:: Task objective ::
Produce a word-for-word copy of the line that contains "3 1 V6 Engine Diagram Sensors" and each line after it through the end of the material, omitting pictures and all other lines.

:: Input data ::
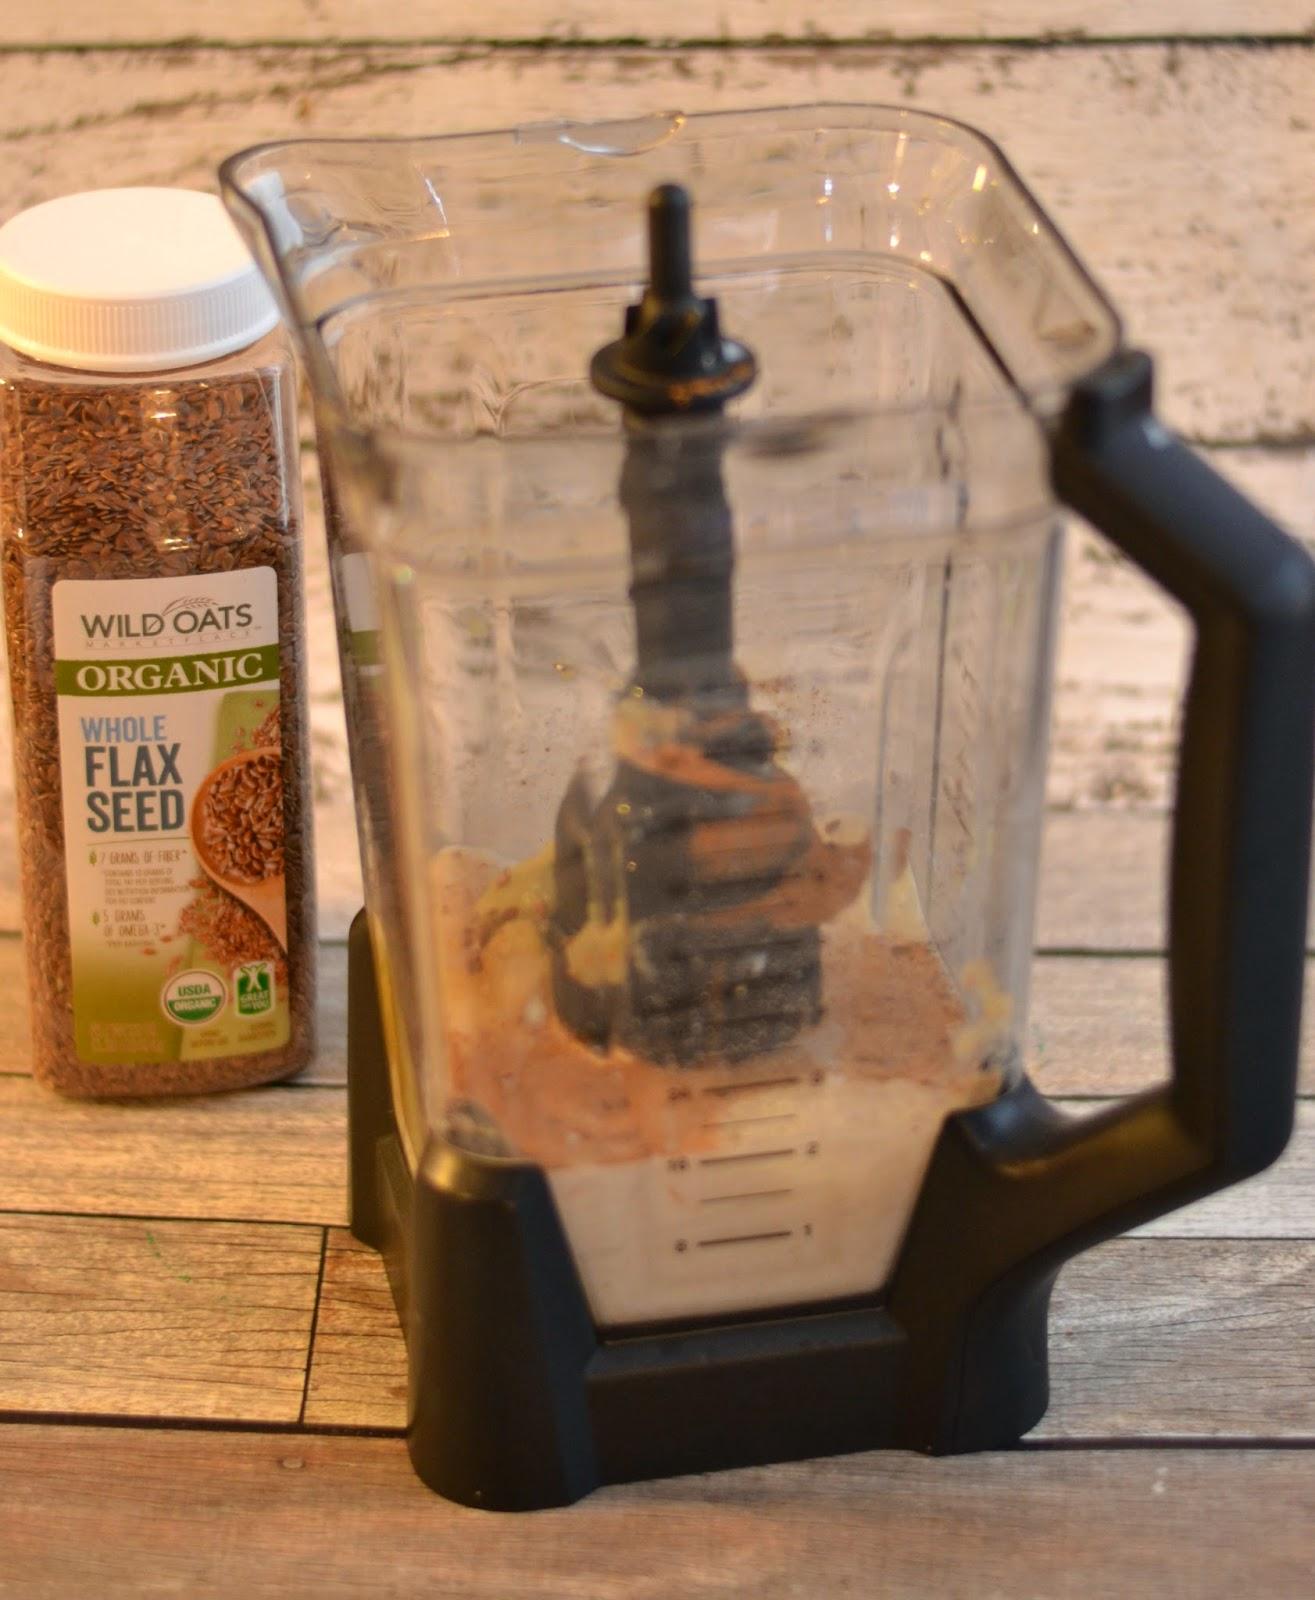 Apple Pie Smoothie.  Applesauce smoothie.  Smoothie recipes.  Easy smoothie recipes.  Smoothies made with applesauce.  Apple smoothies.
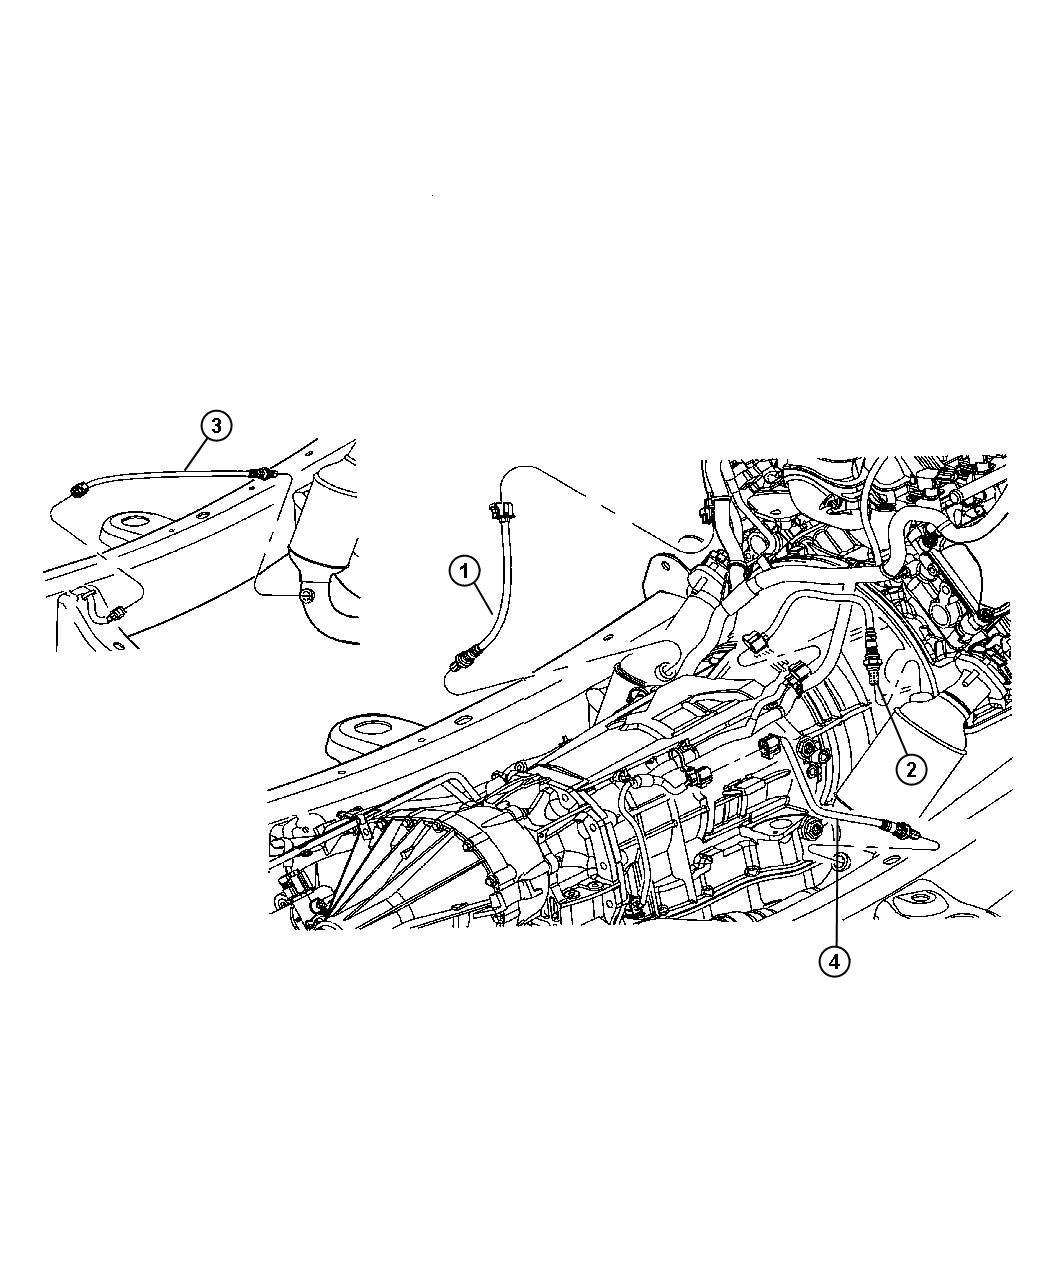 3 1 V6 Engine Diagram Sensors
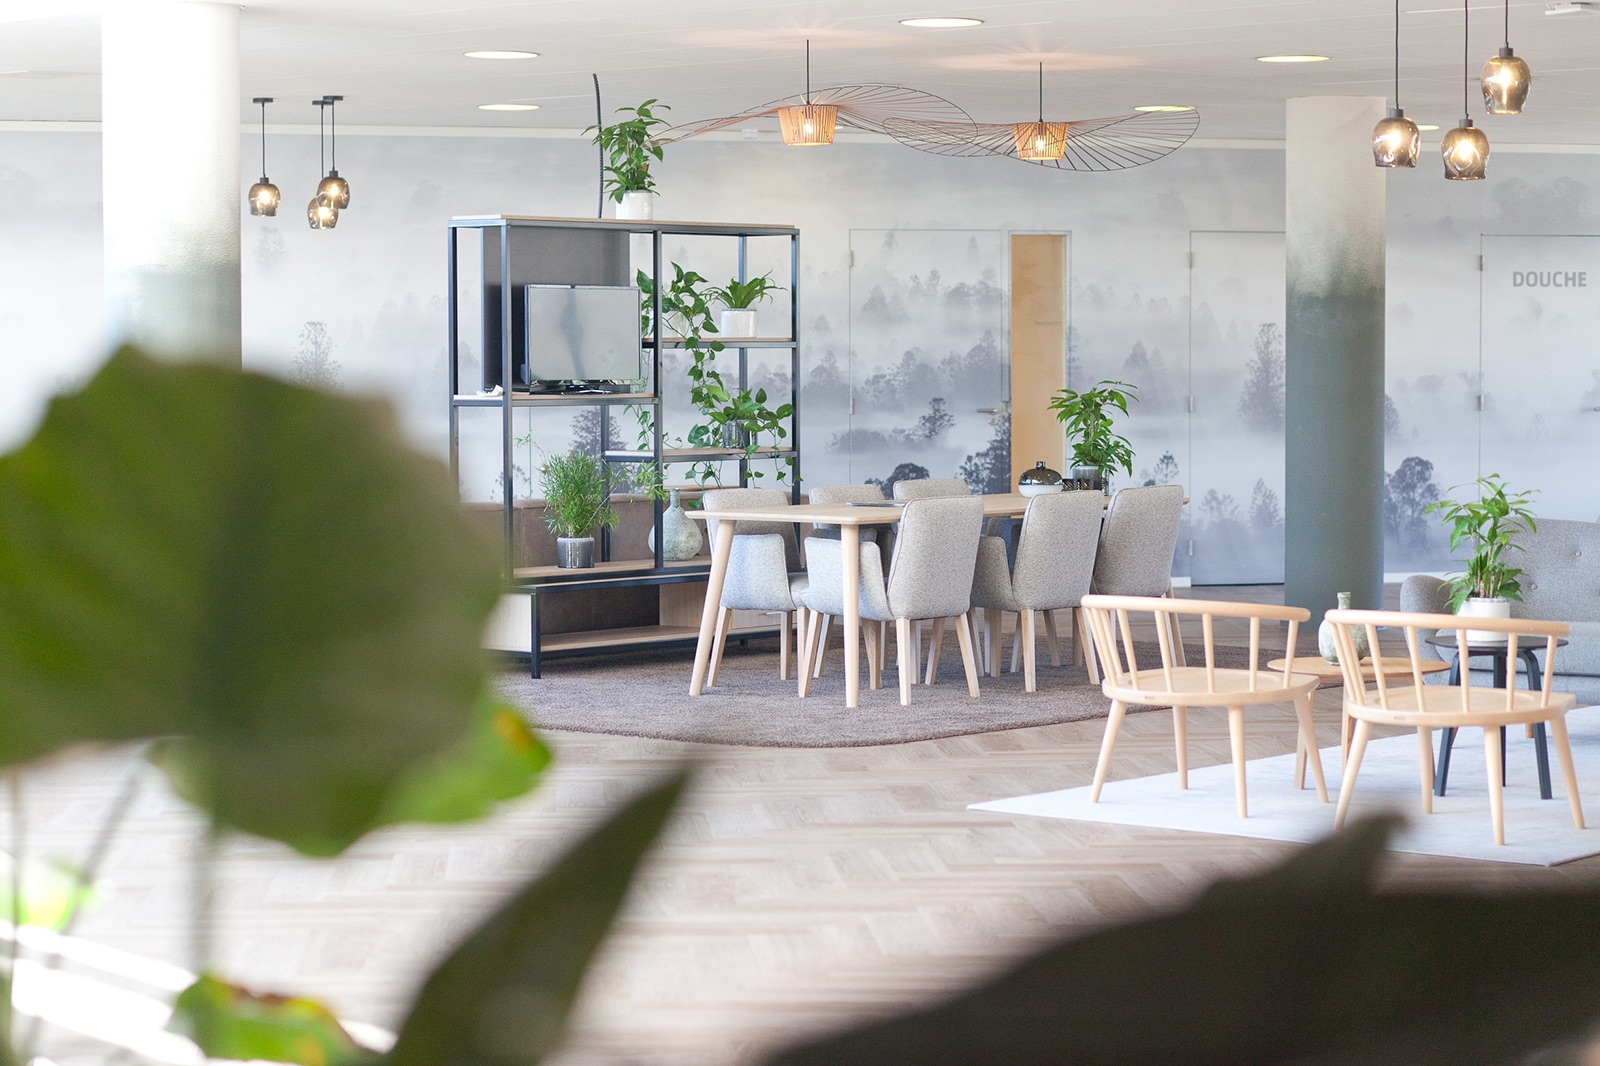 merin-office-netherlands-5
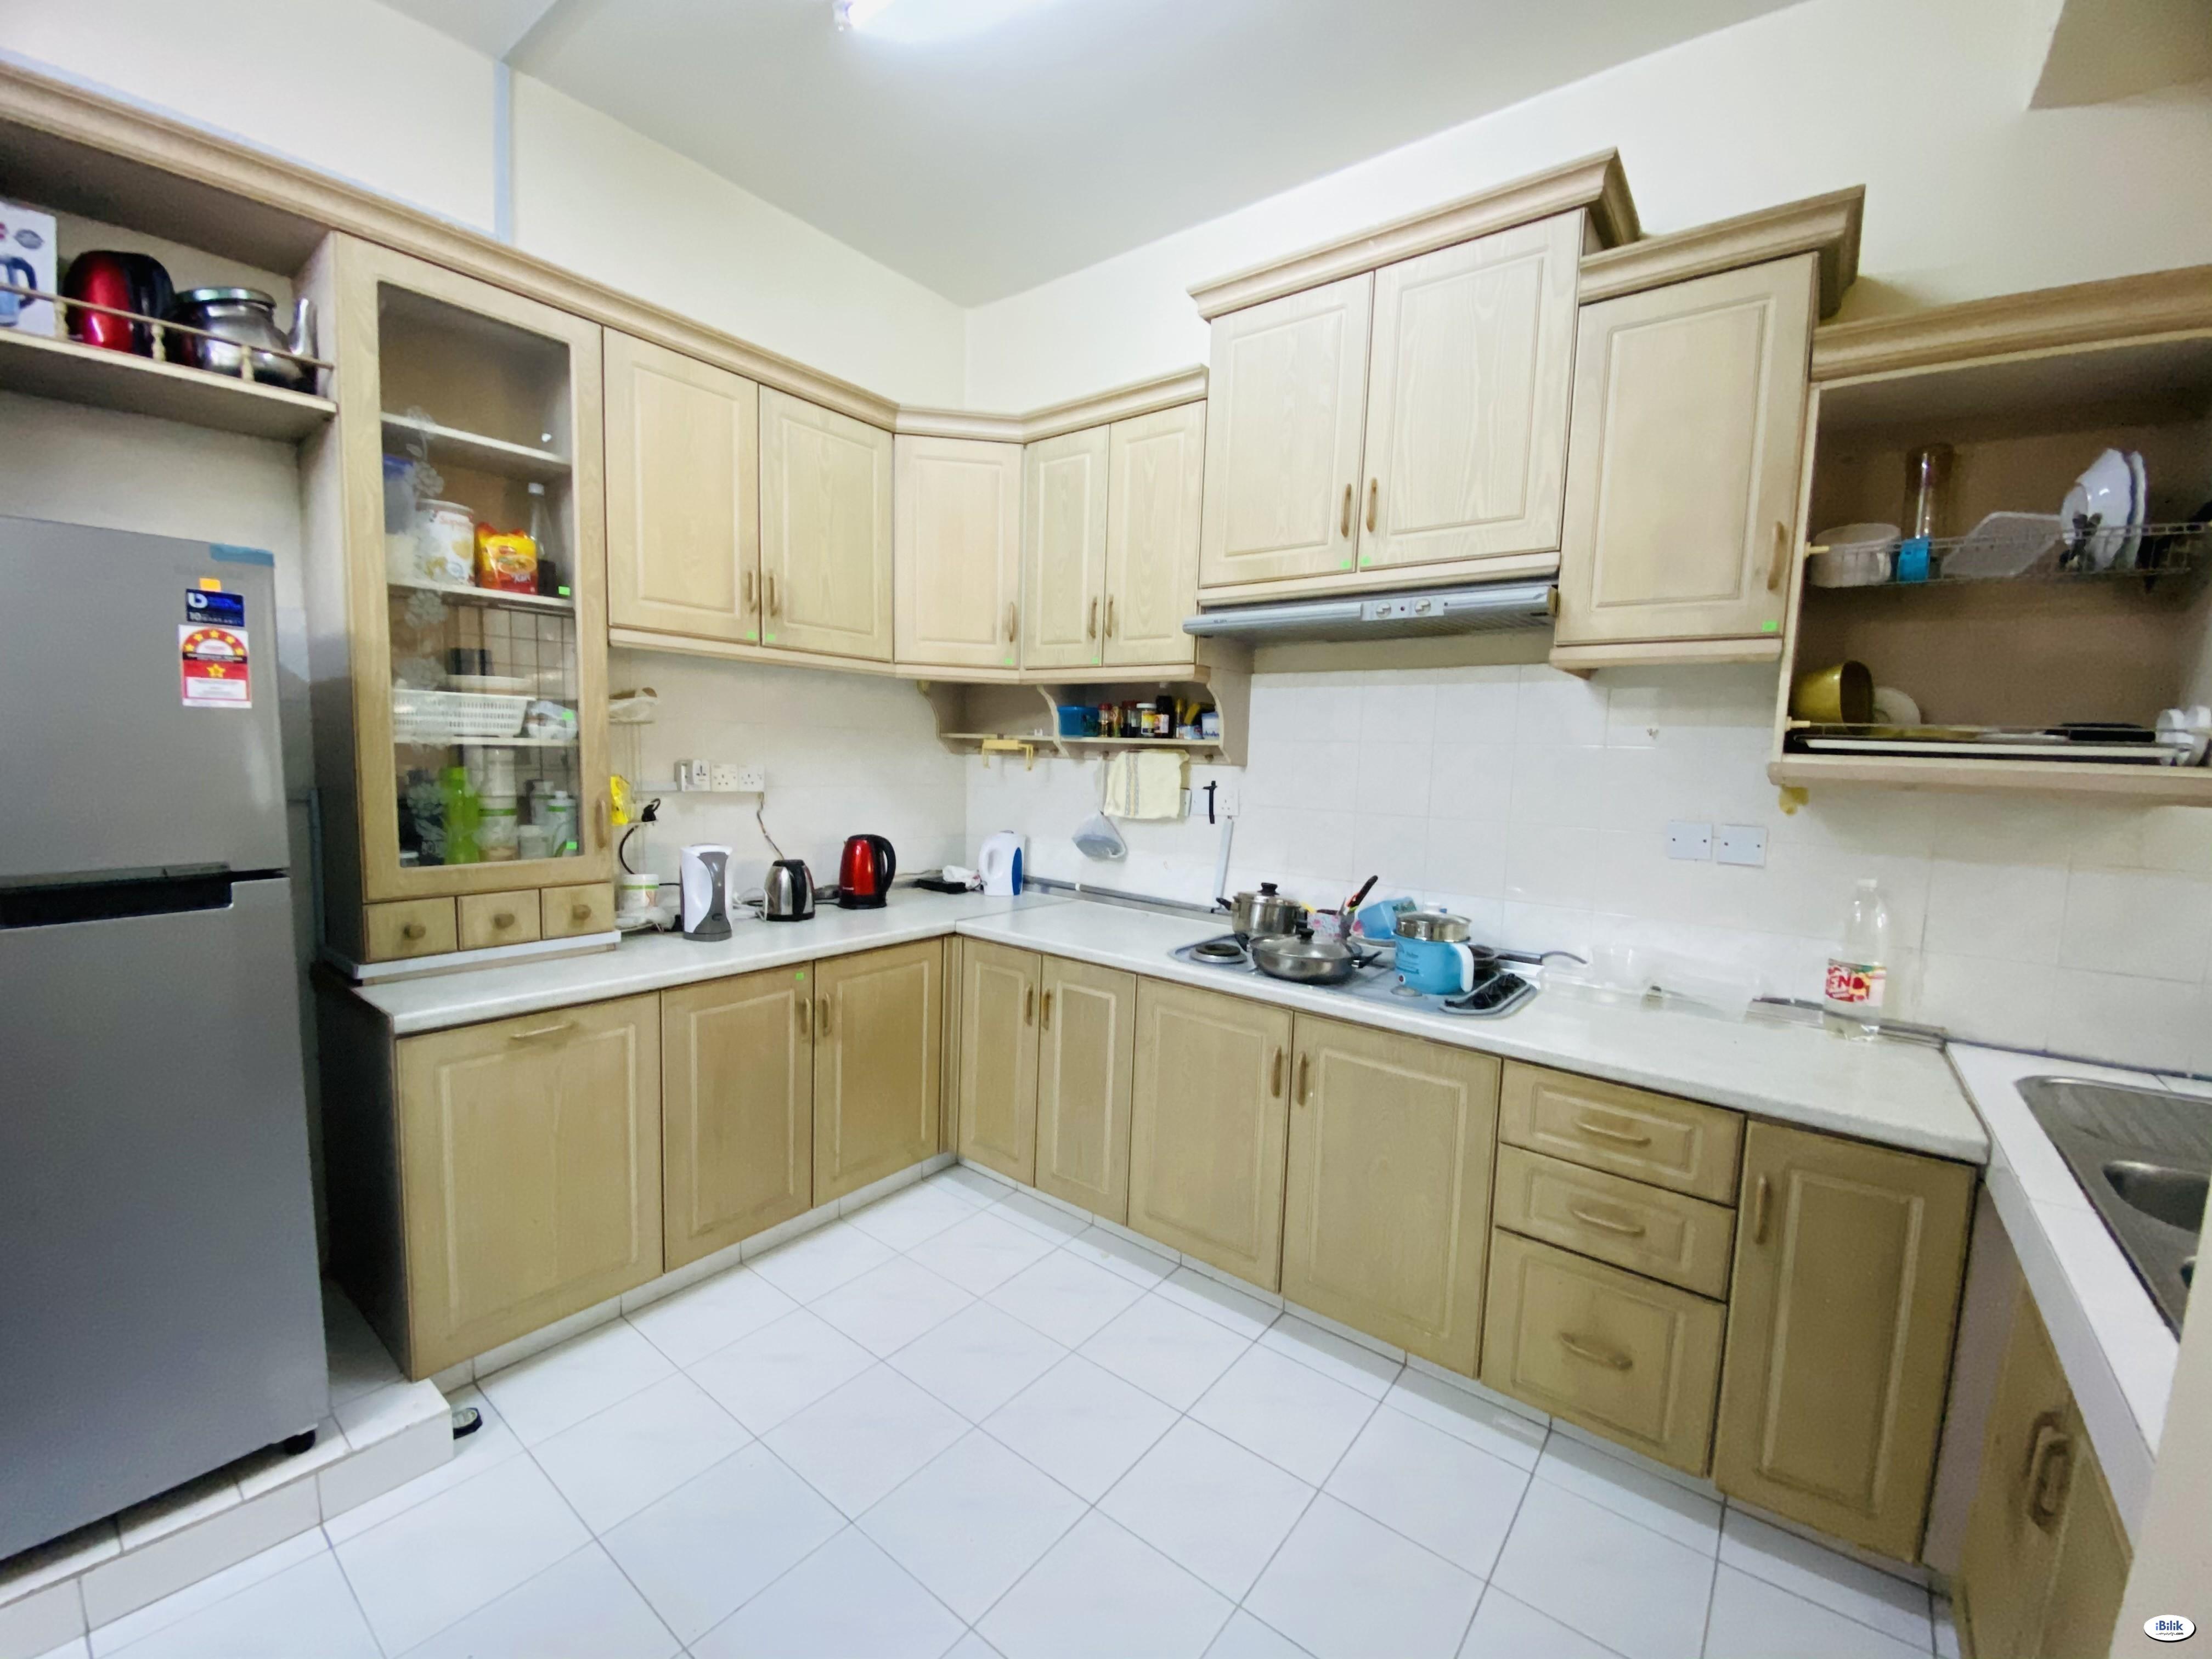 1+1 Depo 💥 Single Room at BU7, Bandar Utama, PJ Near Sunway Damansara, First City University

:: Result ::
 3 1 V6 Engine Diagram Sensors
 merin-office-netherlands-5
 1+1 Depo 💥 Single Room at BU7, Bandar Utama, PJ Near Sunway Damansara, First City University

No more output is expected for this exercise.